Announcement

Collapse
No announcement yet.
X
  • Filter
  • Time
  • Show
Clear All
new posts

  • output all unlabeled values of variables with value label

    Hi!

    How may I select all unlabeled values of variables which - except for those values - have a value label, and list only those unlabeled values?
    The thing is, the value labels have upto thousands of labeled values, and just a few unlabeled ones - and this is the case for several variables.

    So far, I happened to find out, which variables I have to deal with (1). Knowing the specific values at stake (2), would be even better
    Code:
    *(1)
    findname *, vallabeltext("") local(missingvl)
    
    *(2)
    foreach v of var `missingvl' {
    fre `v' if (substr(`"` : value label `v''"', 1, 2) == "") //only would output (if present) variables with all vaules being unlabeld
    }
    There should be any macro for the value label content (on value level), not the (overarching) value label name!?

    I also tried ...
    Code:
    foreach v of var `missingvl' {
    quiet labelbook `: value label `v'' fre `v' if (substr(`"``r(null)''"') // ...but got invalid syntax here :(
    }
    Note: I cannot install new commands (like the labutil stuff. Some basic "additional" commands (eg fre) have been installed, however).


    Greetings
    Thank you for reading (and some reply)
    Using Stata 16.1
    Extractions (-dataex-) of the data I'm working with is impossible, sorry!

  • #2
    You can get a list of variables with incompletely labeled values using codebook, problems.
    ---------------------------------
    Maarten L. Buis
    University of Konstanz
    Department of history and sociology
    box 40
    78457 Konstanz
    Germany
    http://www.maartenbuis.nl
    ---------------------------------

    Comment


    • #3
      Originally posted by Maarten Buis View Post
      You can get a list of variables with incompletely labeled values using codebook, problems.
      labelbook might not be sufficient; from the help

      1. Value label has gaps in mapped values (for example, values 0 and 2 are labeled, while 1 is not)
      labelbook will not consider it a problem if, e.g., values 1 and 2 are labeled, but values 3, 4, ..., k are not.
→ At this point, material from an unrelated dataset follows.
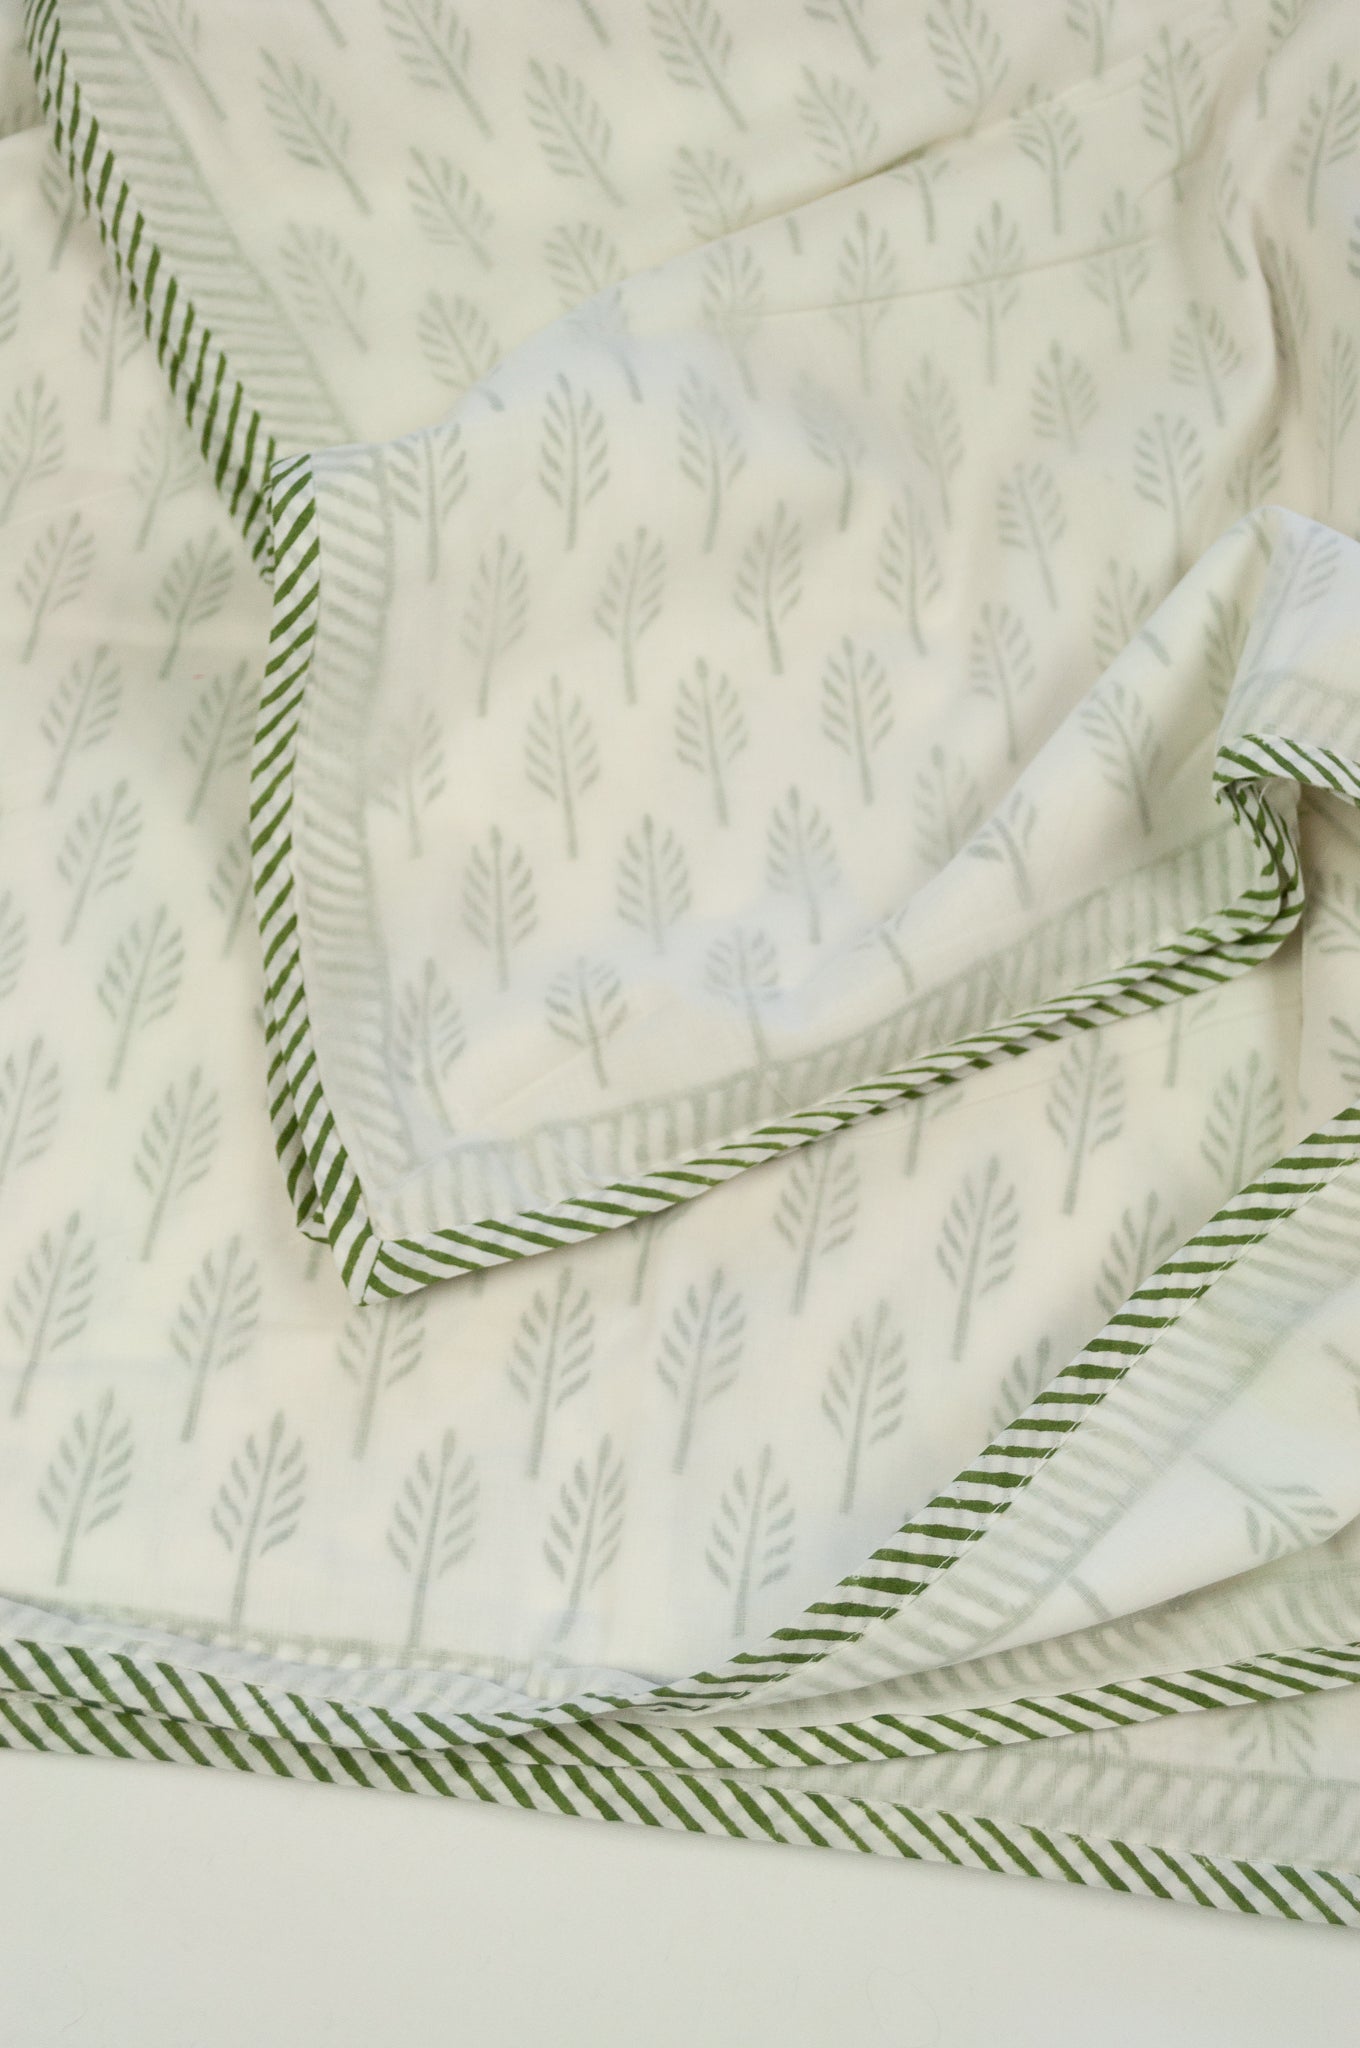 Cotton muslin dohar olive green on white, small palm tree print, blockprinted by hand in Jaipur.

      I will point to labellacking (SSC), which is specially designed for this task. A minimal (reduced) version of that program is

      Code:
      tempvar tmp
      
      ds , has(vallabel)
      local varlist `r(varlist)'
      
      foreach v of local varlist {
          display as txt "unlabeled values in " as res "`v'"
          decode `v' , generate(`tmp')
          levelsof `v' if (`v' != .) & mi(`tmp') , missing
          display
          drop `tmp'
      }
      By the way, elabel (SSC) could do this, too:

      Code:
      levelsof varname , local(levels) missing separate(,)
      elabel list (varname) iff inlist(#, `levels')
      local values `r(values)'
      local levels : subinstr local levels "," " " , all
      local nolabel : list levels - values
      display "`nolabel'"
      Best
      Daniel

      Comment


      • #4
        thank you both!
        Maarten Buis, maybe I should have made that more obvious - the variables (1) are not the actual problem. Thx anyway.
        daniel klein, your (reduced) program is pretty cool (thoough, I use findname, however, since I prefer to generate locals with unique names each).
        I checked for labellacking (and elabel again) - uninstalled in the "restricted area". Sad!
        Last edited by Franz Gerbig; 09 Jan 2020, 08:18.
        Thank you for reading (and some reply)
        Using Stata 16.1
        Extractions (-dataex-) of the data I'm working with is impossible, sorry!

        Comment


        • #5
          Originally posted by Franz Gerbig View Post
          [...] thoough, I use findname
          findname is from SSC (or SJ); I like it very much, but I could not be sure what you have installed.

          Edit:

          A better elabel approach (simpler code and works for many levels in varname)

          Code:
          elabel list (rep78) iff (# != .)
          local values `r(values)'
          levelsof rep78 if (rep78 != .) , local(levels) missing
          local nolabel : list levels - values
          display "`nolabel'"
          Edit 2:

          Originally posted by Franz Gerbig View Post
          your (reduced) program is pretty cool
          Just to be sure: that code (especially the details, such as missing values) is borrowed from labellacking; credits are due to Nick Cox and Robert Picard.

          Best
          Daniel
          Last edited by daniel klein; 09 Jan 2020, 08:50.

          Comment


          • #6
            Thanks to the masters of masters Nick and Robert, then, too! (I had not read down to the credits, sorry.)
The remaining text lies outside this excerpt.